My attachment to the alternative “queer theory” which has disrupted the traditional concept and binary representations of gender in Western societies, completes my approach. Visual art is exploring this new concept that women artists can reinvent themselves in an evolution towards new figurations of female/male genders. The “queer gender” will seize upon and reinvest different practices or industries, such as fashion, and blend with the epoch rather than seeking to contradict it.

Beaux Arts féminité

So, what is the link between contemporary fashion and “Gender Queer”? 

Fashion is becoming the standard bearer of the new “Gender Queer” movement. Stylist/creators offering a unique artistic presence through the models on the catwalks are reinvigorating my inspiration that seeks to prolong this momentum.

The historical roots of queer theory, traced from the homosexual rights movement through the gay liberation movement, relate to fractures in 1970s feminist currents, addressing the grievances of women as well as those of other sexual orientations/identities, generally left behind.

The exclusion of sexual minorities, classified as a minor subject of the late 20th century feminist currents, triggered resistance. Queer theory grew out of a convergence with the struggle for the rights of women and homosexuals. Until then, these two movements failed to join forces, due to theoretical differences over questioning heteronormative values, with the feminist movement of the 70’s consequently refusing to group their grievances.

Vogue Japon

Today, with the gradual decline in cataloging men and women, new models have begun to emerge, respecting all differences.
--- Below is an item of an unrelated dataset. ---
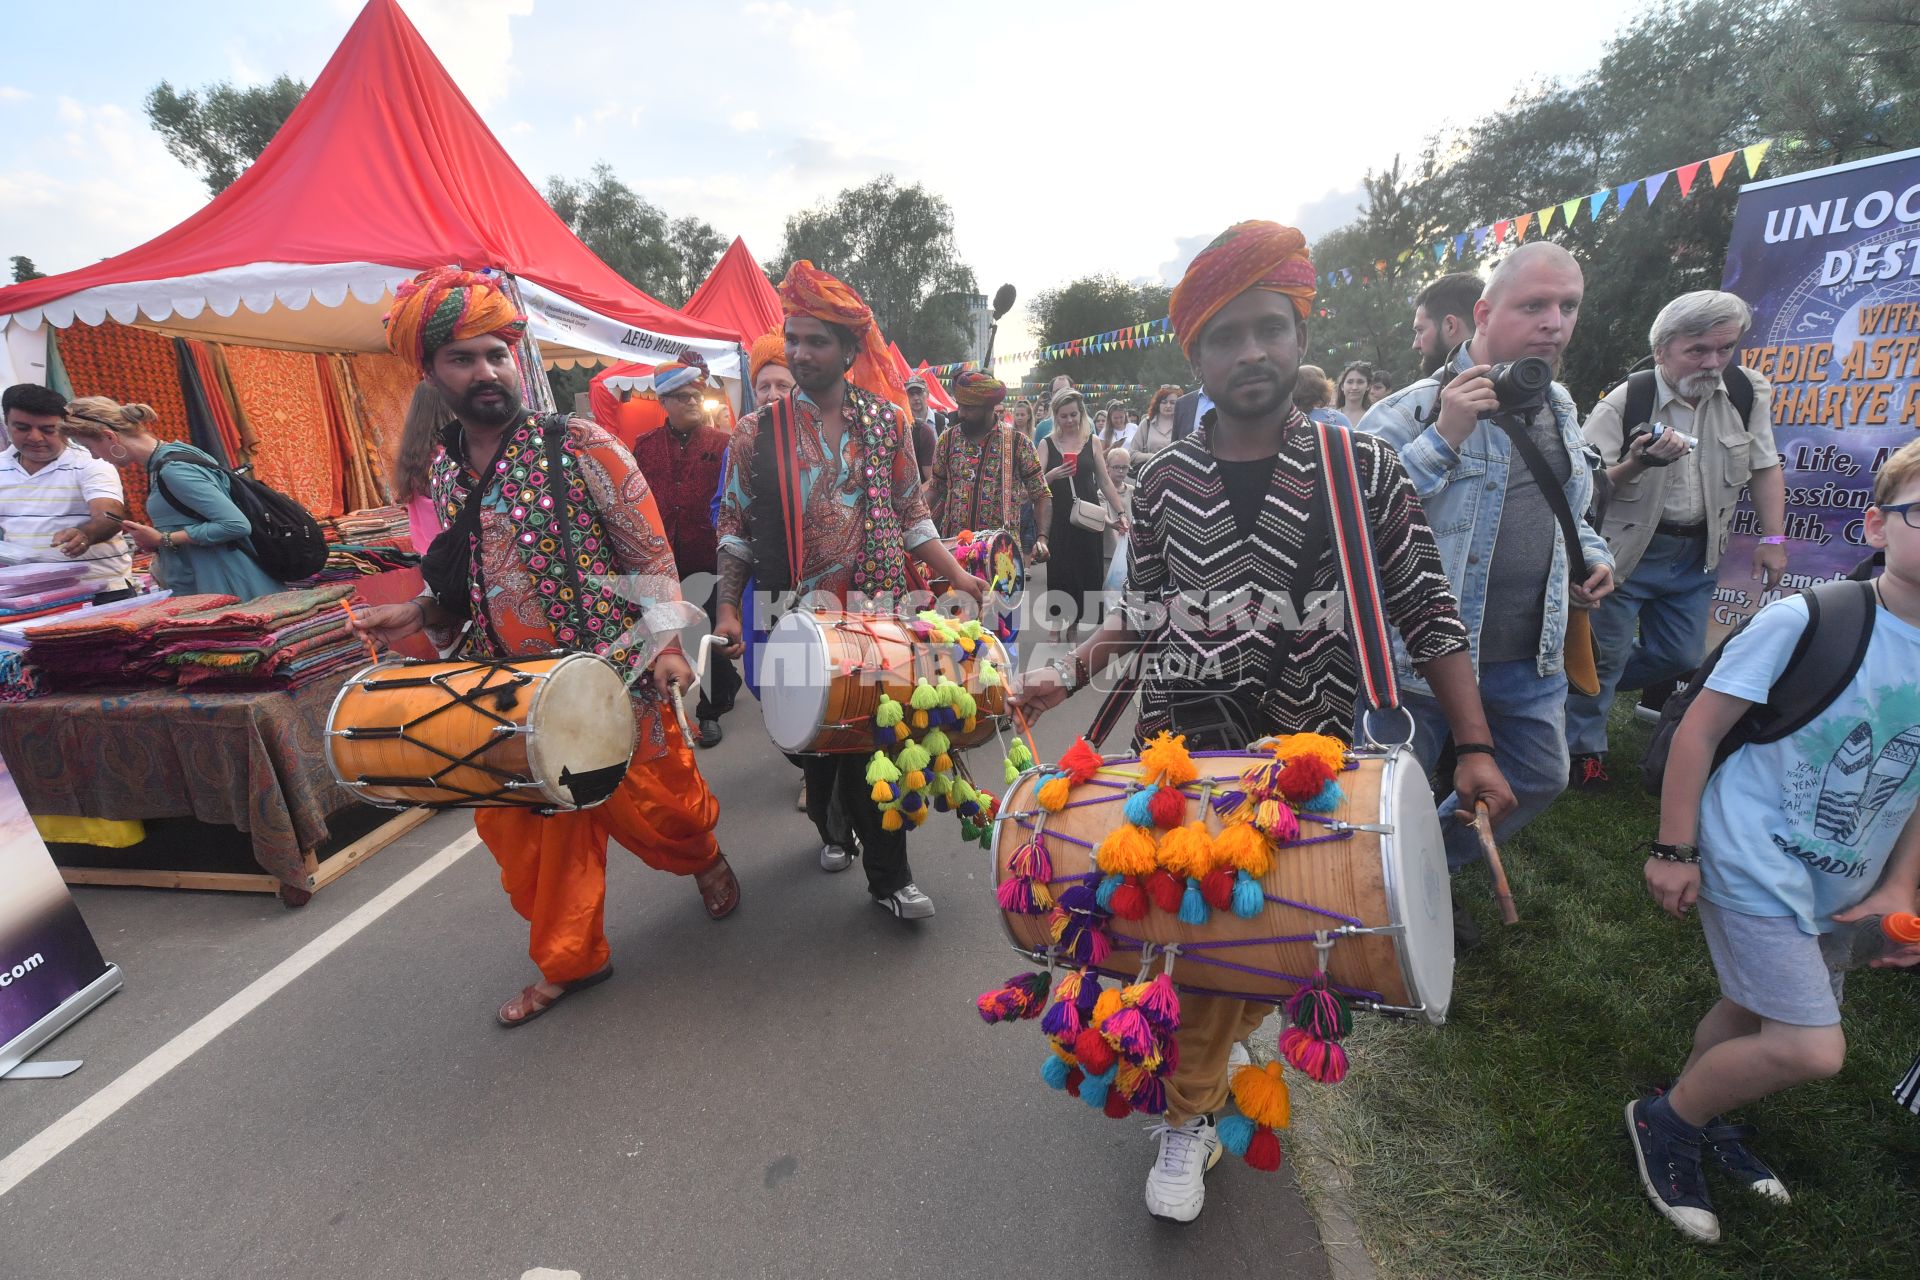 Этнический фестиваль `День Индии` в Москве

The mutations thus generated have prompted a multitude of artistic expressions. This movement, generously accepted in the fashion industry, now extends to cultures world-wide through social networks. 

Consequently, this new concept of gender is expressed through a tendency towards an androgynous style, with the fashion runways becoming sparkling showcases of “gender” events leading to the emergence of “gender queer” with its unclassifiable sexual identity thwarting “morality”.

The creation of fashions appropriated by models themselves brings the concept to life and becomes an alter ego of the expression of one’s sexual orientation “being what you choose while deliberately ignoring the consequences.” A multitude of models expressing lesbian, gay, bisexual, transsexual, transgender, queer, intersex, asexual, allied, non-binary, LGBTTQ people stand out in the extravagance of the catwalks.

This growing unisex trend is now taking root in the retail channels.

Accordingly, this creative eccentricity is becoming an industry standard, and sculpted bodies in motion take inspiration from this rapidly evolving contemporary scene.